Begley, Farley and Schmitt suggest that “the existence of an IAC does not depend on “protracted” armed violence at a significant level of intensity” and cite, in support of that proposition, paragraph 70 of the ICTY’s interlocutory appeal decision in Tadic. However, it is not clear at all that the Tribunal adopted in that case a binary and straightforward distinction between international and internal armed conflicts. Beyond what the three above authors cite, the Tribunal said, in relation to both types of armed conflicts, that “International humanitarian law applies from the initiation of such armed conflicts and extends beyond the cessation of hostilities until a general conclusion of peace is reached.” In other words, IHL applies to armed conflicts that last and involve hostilities over a certain period of time. Hence, on a more careful reading of Tadic, hostilities ought to have taken place, as something that has been initiated, continued and ended, in order for any armed conflict including IAC to exist in the first place. This position is not changed by that fact that some internal document of the US Government says that the Venezuela operation “will constitute” an IAC.

It will be recalled that the same partial reading of paragraph 70 of Tadic as one above has been employed in the commentary to the Third Geneva Convention prepared by the International Committee of the Red Cross (ICRC). The Commentary suggests that “There is no requirement that the use of armed force between the Parties reach a certain level of intensity before it can be said that an armed conflict exists” (paras 251, 269-270). As explained earlier, there are multiple flaws in the ICRS’s approach to this matter, ranging from analytical flaws to evidentiary ones.

Therefore, the outcome is that IHL did not apply to the US use of force in Venezuela, that operation was governed by other areas of international law such as jus ad bellum (under which it was plainly an act of aggression) and human rights law, and consequently President Maduro does not qualify as a prisoner of war.
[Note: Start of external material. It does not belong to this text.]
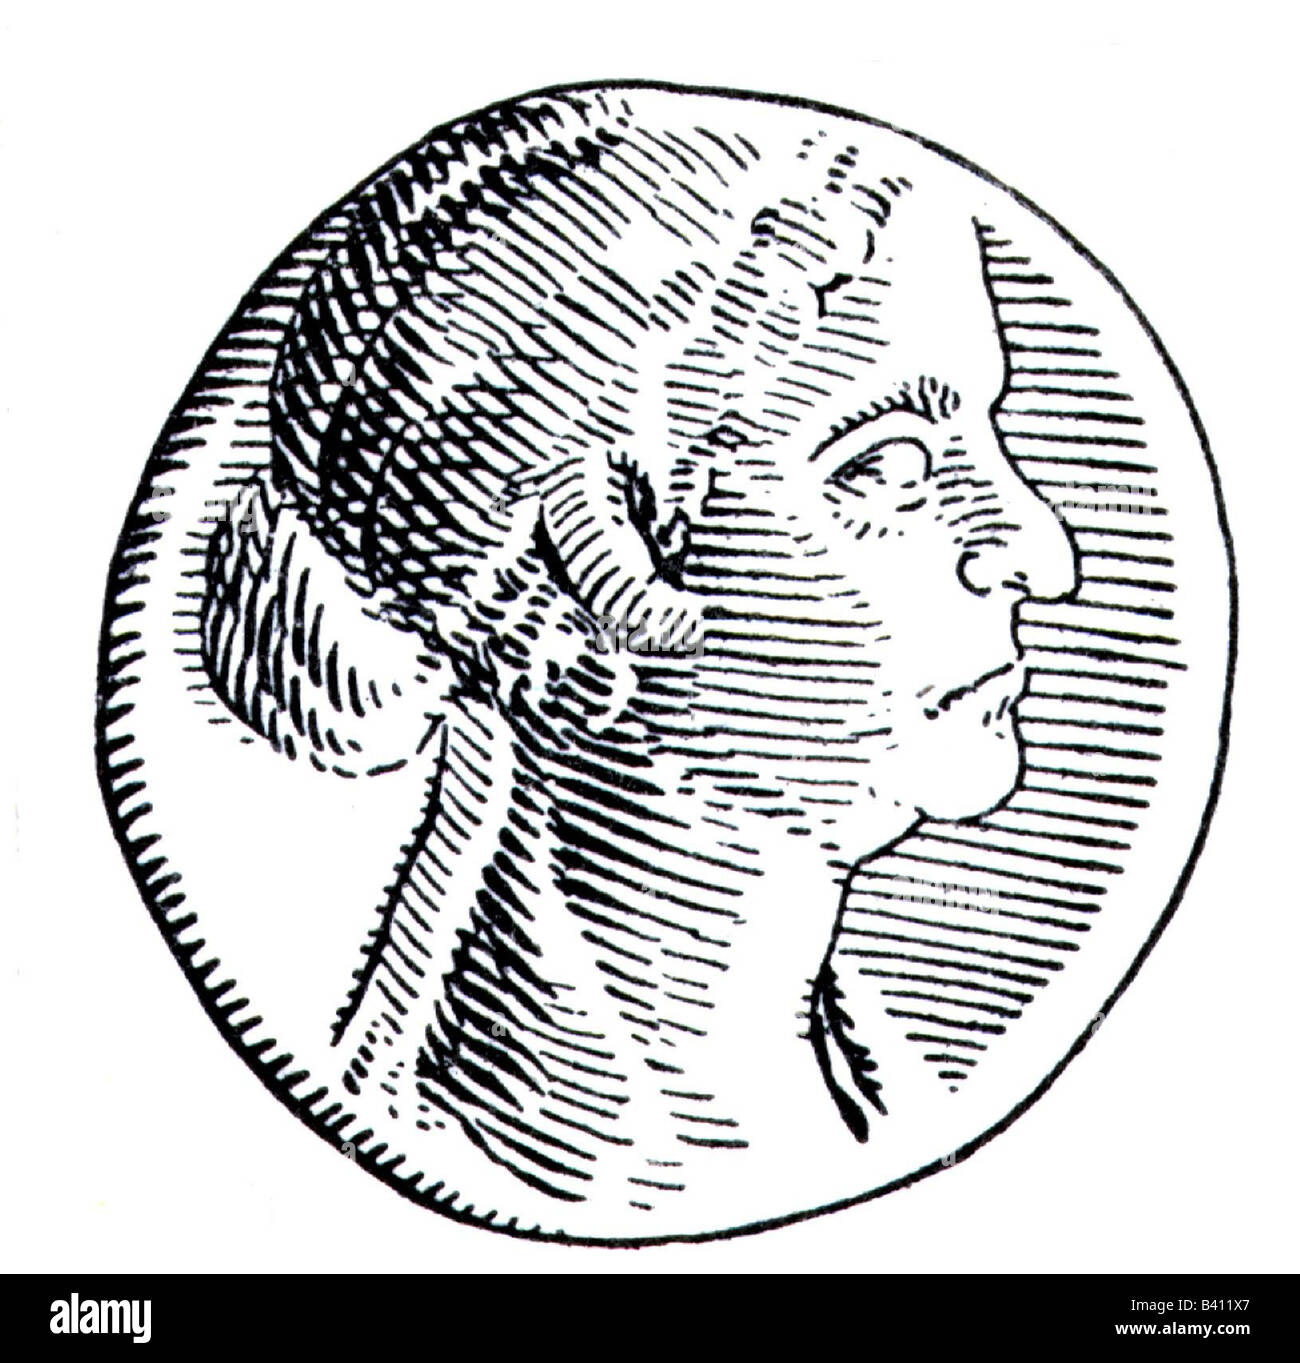 Kleopatra VII. Philopatator "der Große", 69 - 12.8.30 v. Chr., Königin von Ägypten 51 - 30 v. Chr., Porträt, Holzgravur nach antiker Münze, Stockfoto

The argument that IHL applies to this situation serves not other purpose than to justify the trial of a foreign head of State in the USA for which there is no other legitimate ground available under international law. Instead, under both jus ad bellum and human rights law, as well as pursuant to secondary rules on State responsibility, US authorities are obliged to release President Maduro, because legal consequences of aggression cannot be lawfully maintained intact, because under human rights law the male detentus principle applies, and because under the law of State responsibility US authorities are bound to cease the ongoing violation of international law (as they were also told by the International Court relatively recently), provide a restitution in kind and abstain from any conduct that maintains the consequences of a serious breach of peremptory norms. Also, albeit somewhat more tenuously, head of State immunity issue would also have to be addressed. The invocation of IHL purports to sweep away legal consequences required by international law in the name of the same international law. Though it may be open to question whether that is worth the effort, given the recent and unprecedented candour offered from the White House on this matter.

The problem is obviously not limited to the Venezuela situation. While here the IHL is invoked to justify a trial of a person in violation of international law, in other cases the projected relevance of IHL could be invoked at the service of other agenda, for instance one to justify or label the harm caused through the aggression as harm caused within the limits of military necessity or to military objects. In all such cases, the chief consequence of bringing in IHL would be to protect the aggressor by confusing or explaining away the law that applies to the act of aggression.